» **Information provided**:
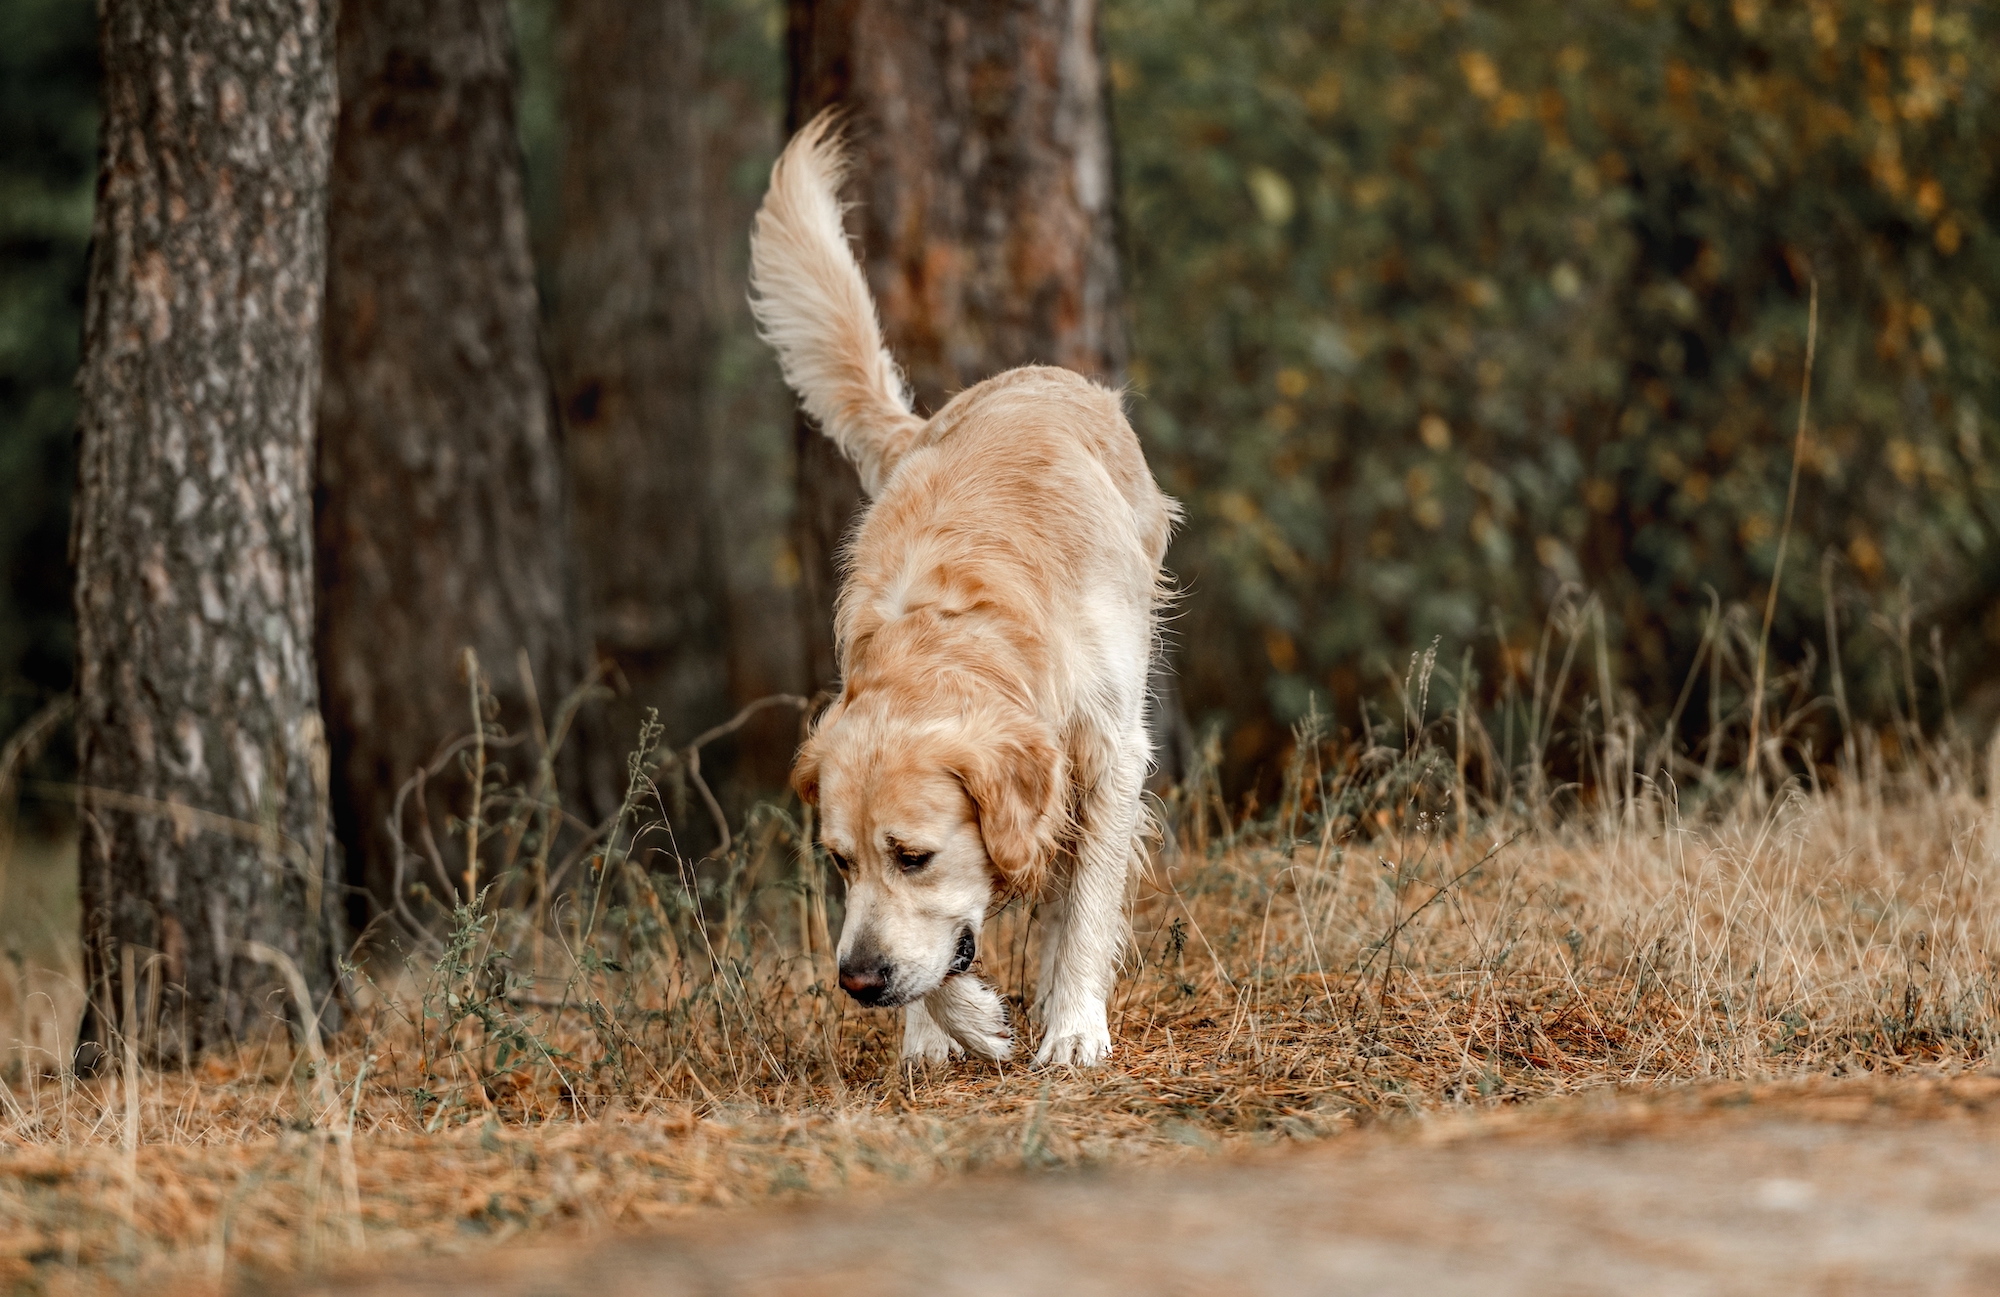 how can i prevent my dog from eating cat poop
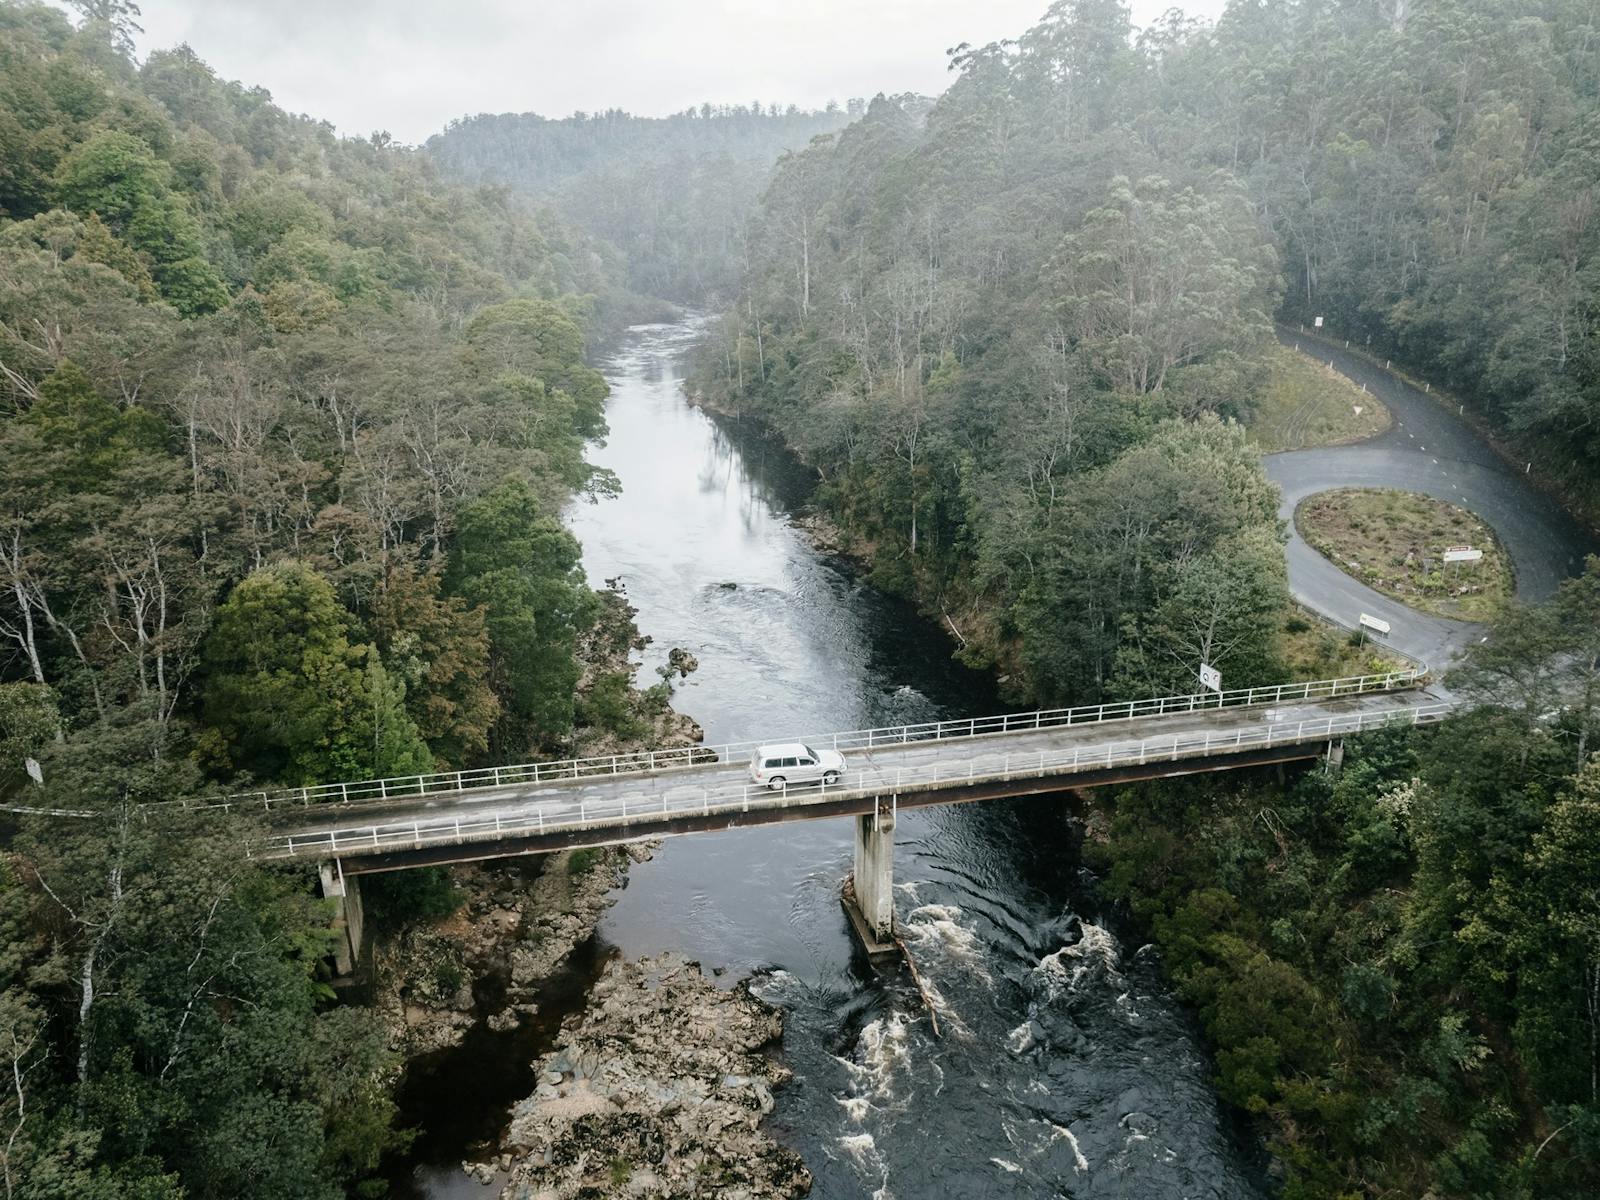 Aerial shot of the vehicle driving across the Arthur River
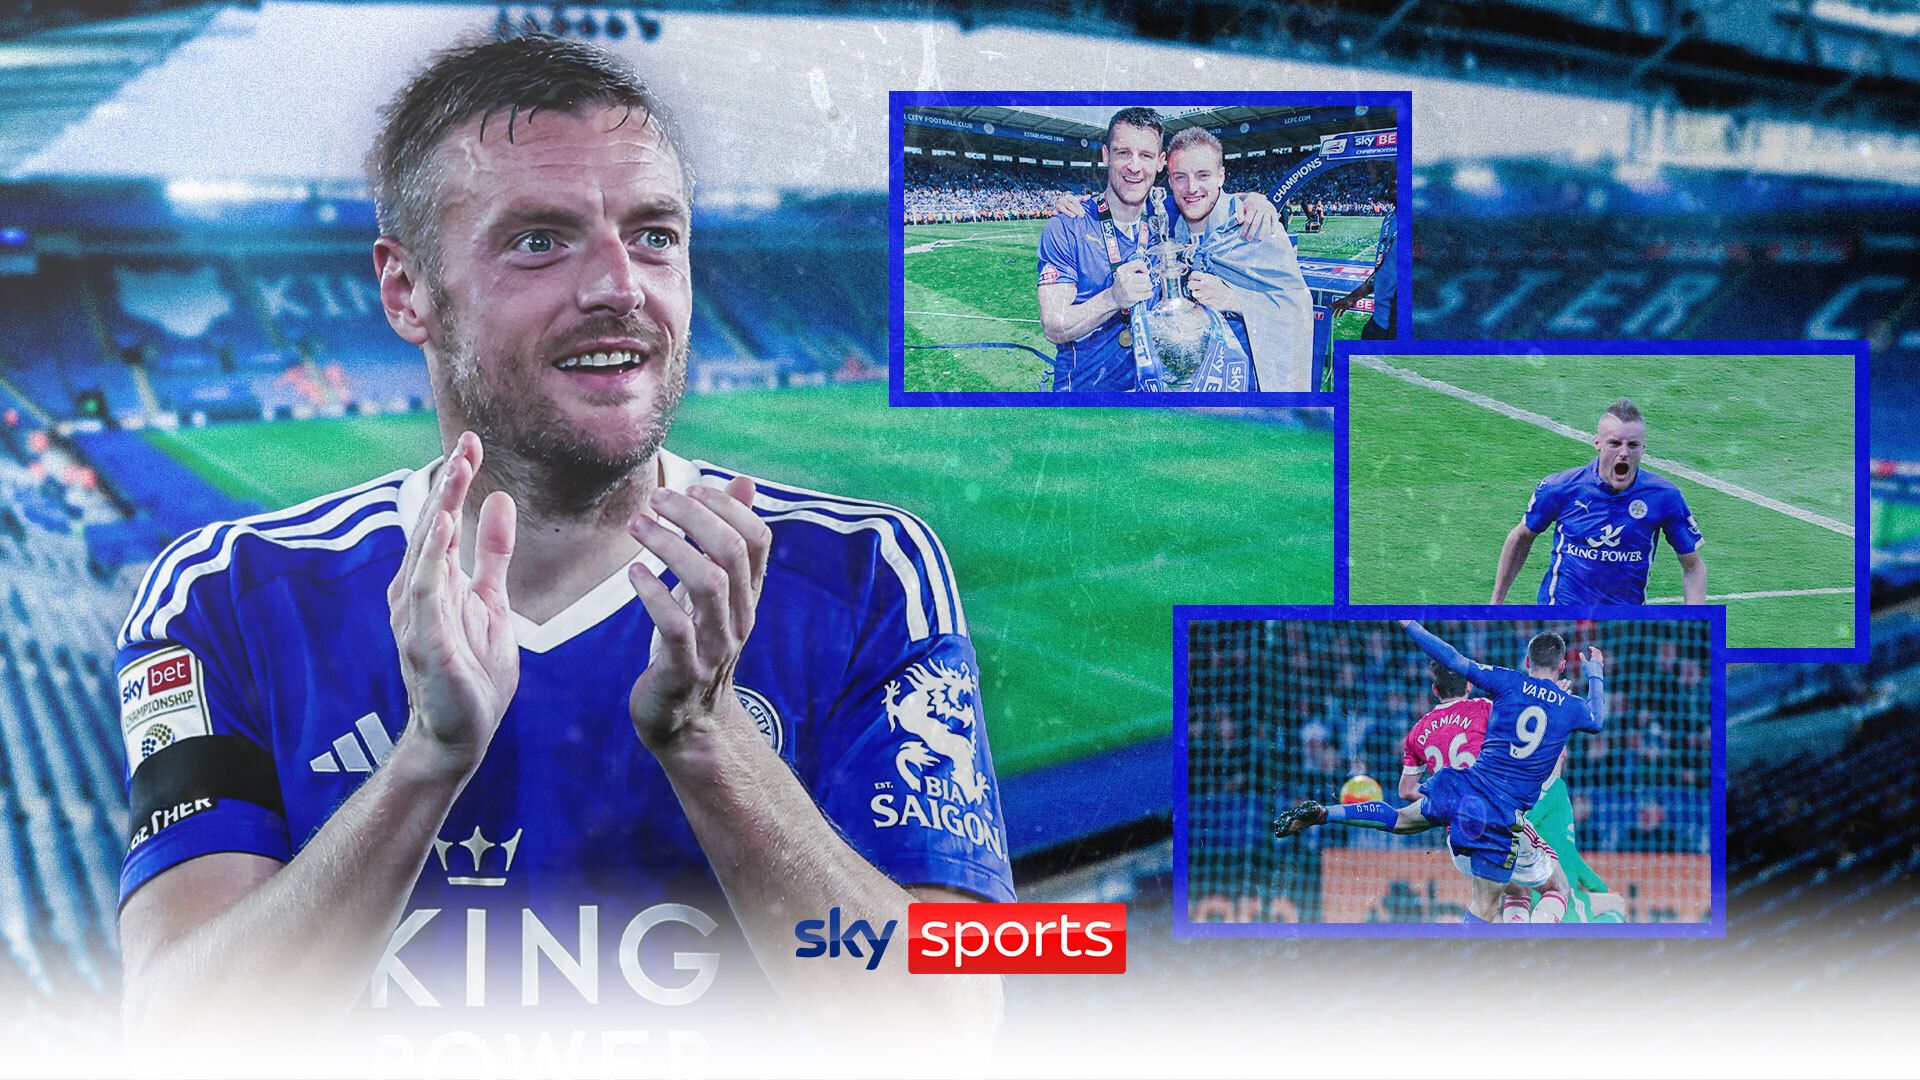 Vardy: The ups and downs of a decade at Leicester

» **Exercise requirements**: What you give back should be exactly the lines from the line holding "Aerial shot of" through the final line of the material, both ends included, and please leave out the pictures.

» **Task result**:
 Aerial shot of the vehicle driving across the Arthur River
 Vardy: The ups and downs of a decade at Leicester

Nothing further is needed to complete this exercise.